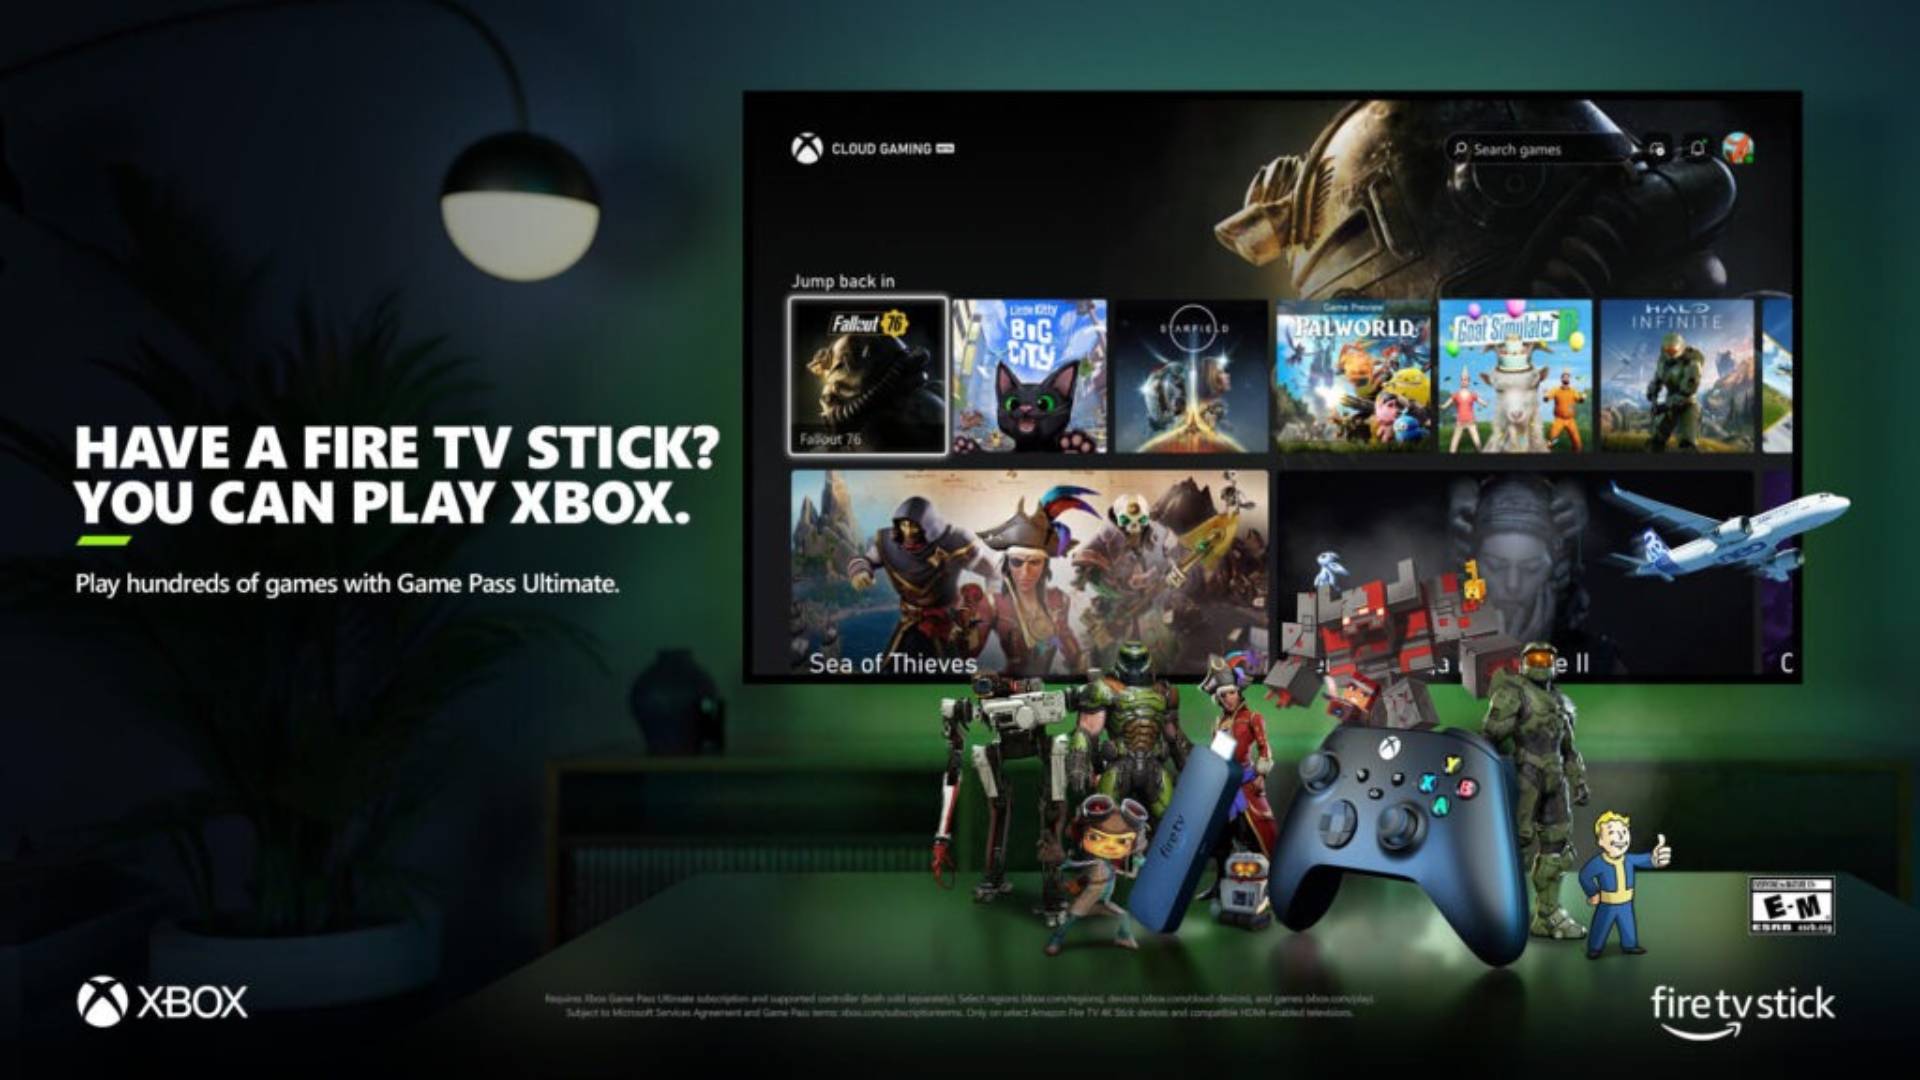 Fire TV Stick で Xbox アプリが利用可能になったことを告知するポスター。
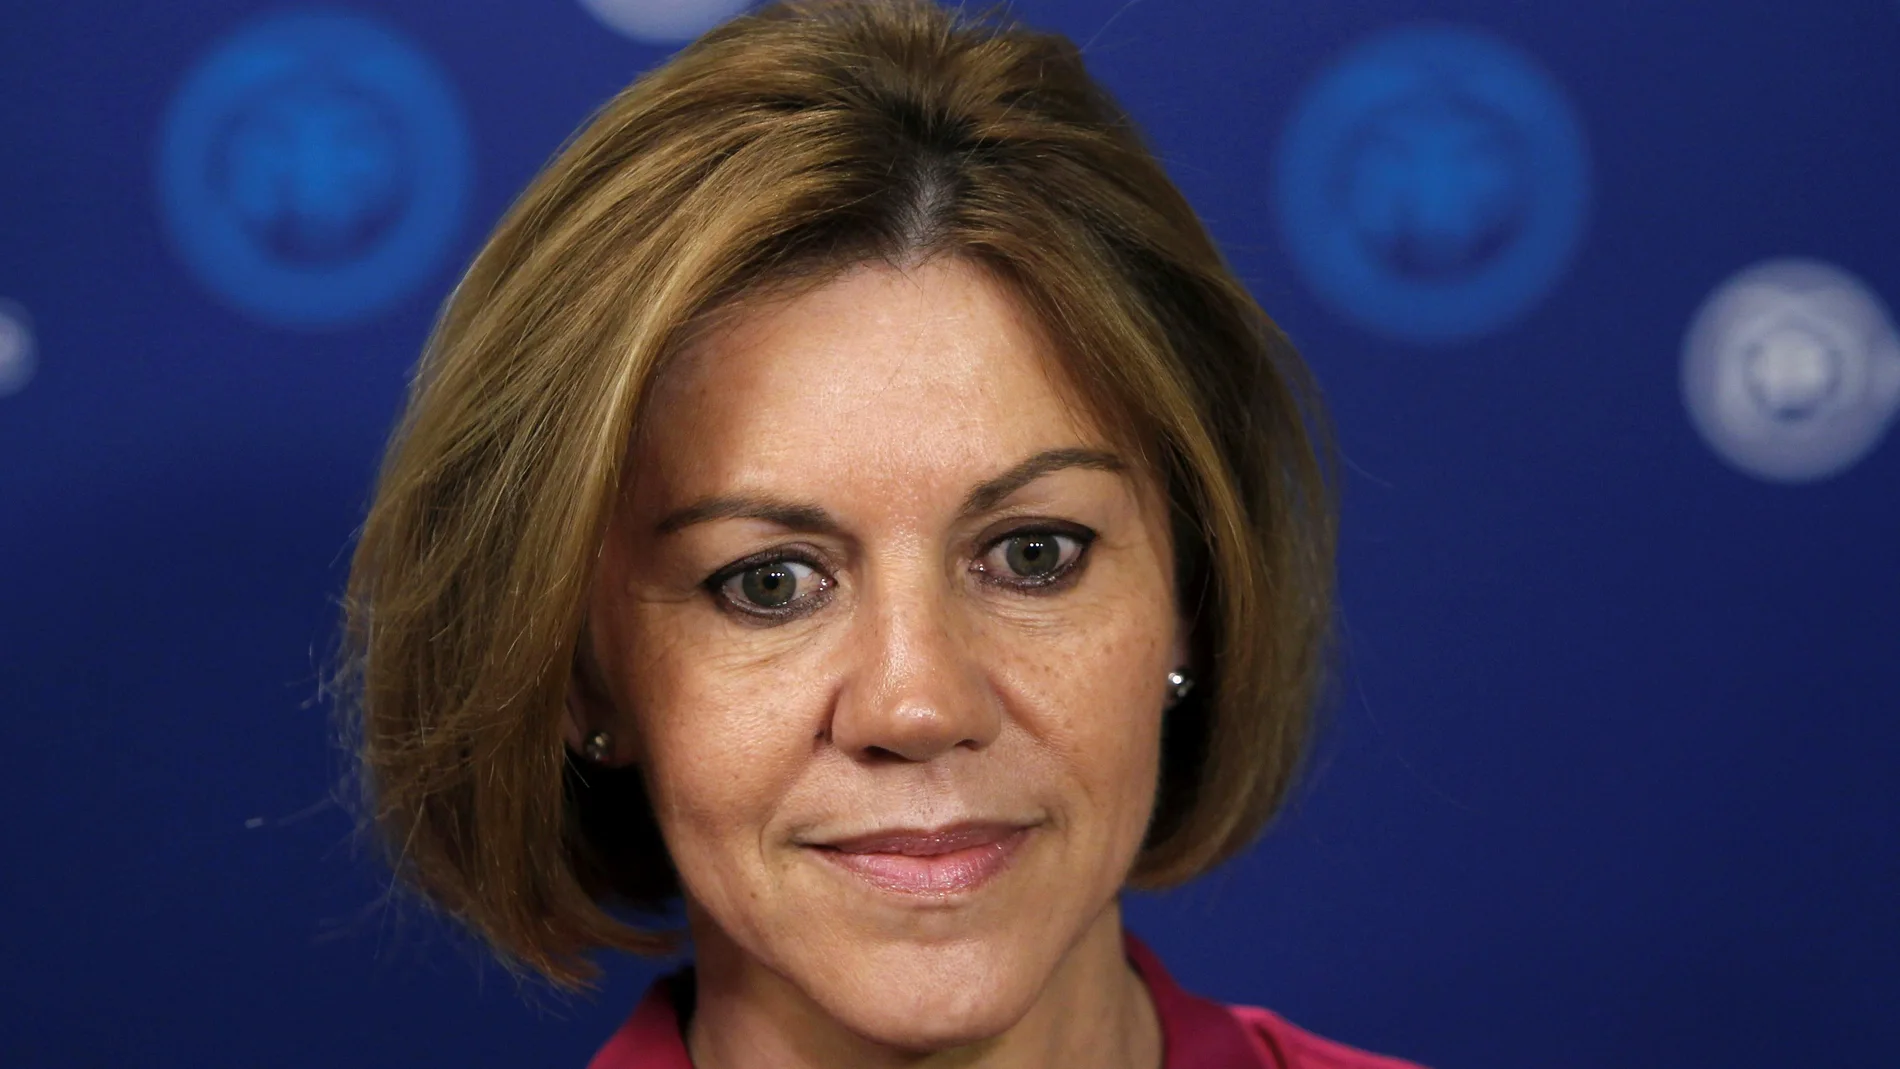 La secretaria general del PP y candidata a la Presidencia del partido, María Dolores de Cospedal
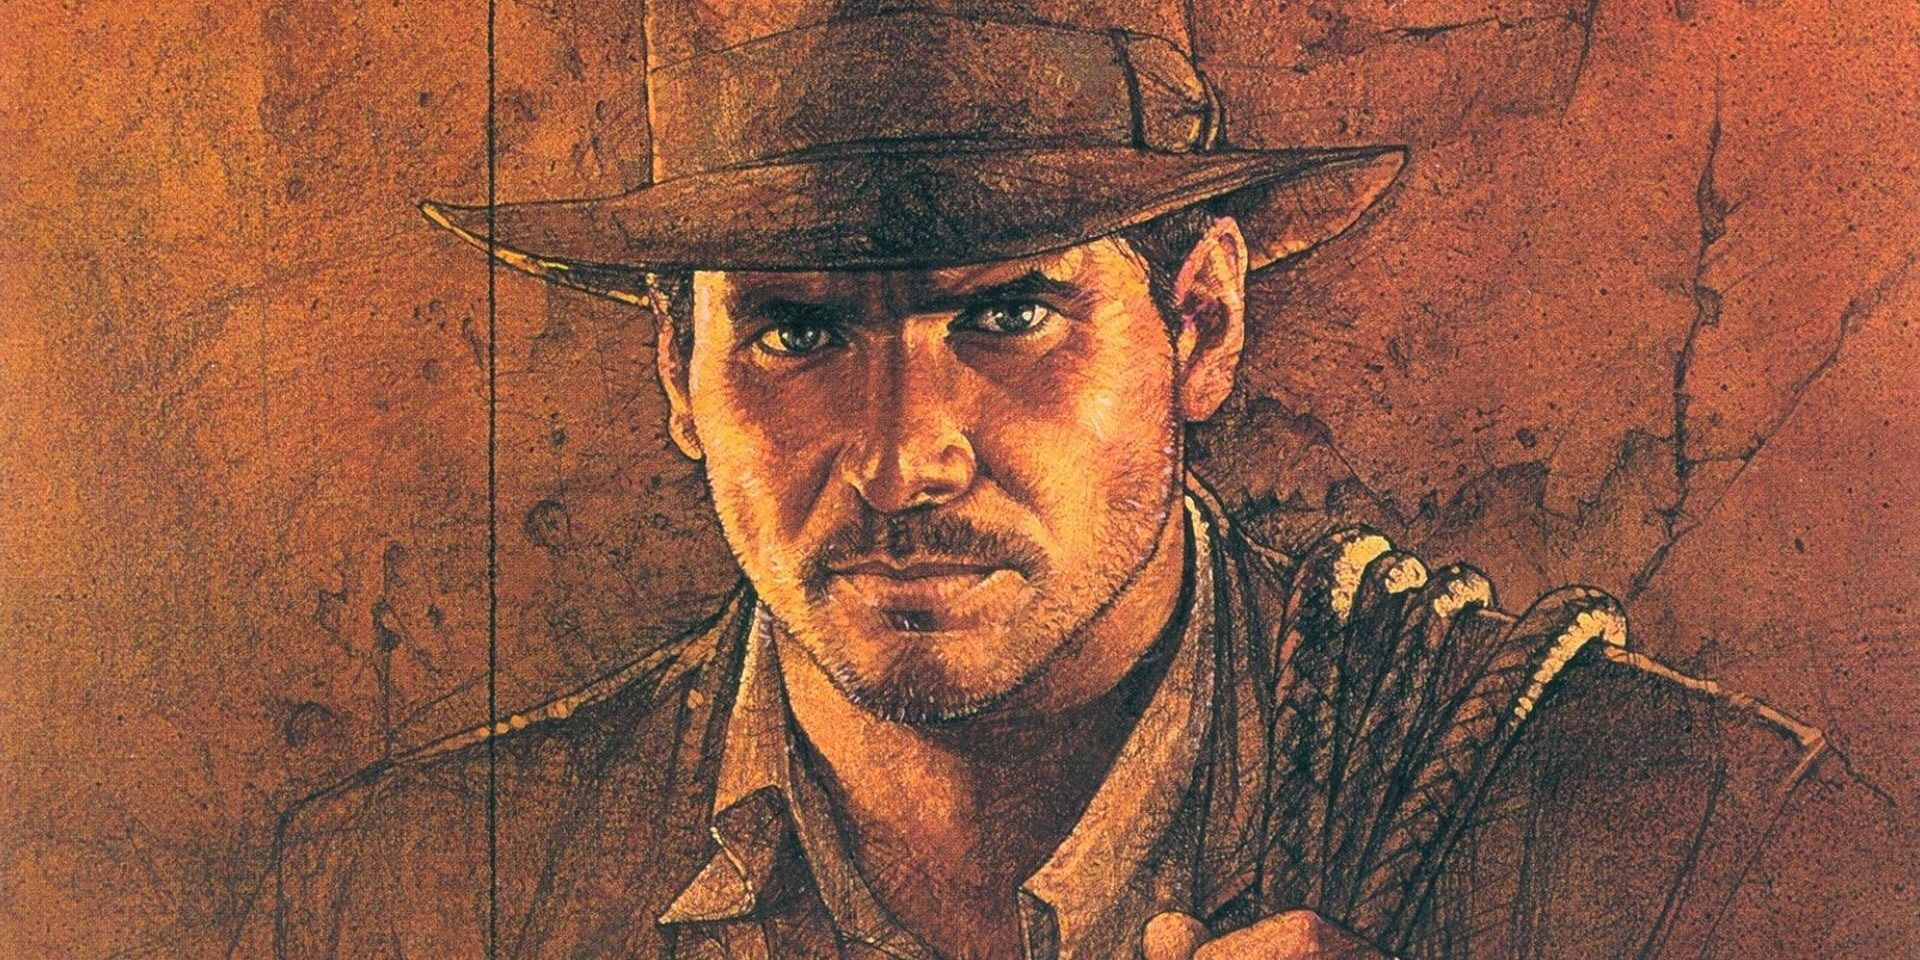 Toda la franquicia de Indiana Jones (incluido el programa de televisión) obtiene una nueva transmisión en casa antes de Dial Of Destiny

→ EXERCISE DIRECTIONS
The expected answer is the full listing above, transcribed exactly and without pictures.

→ OUTPUT FOR THIS TASK
 Fire TV Stick で Xbox アプリが利用可能になったことを告知するポスター。
 La secretaria general del PP y candidata a la Presidencia del partido, María Dolores de Cospedal
 Toda la franquicia de Indiana Jones (incluido el programa de televisión) obtiene una nueva transmisión en casa antes de Dial Of Destiny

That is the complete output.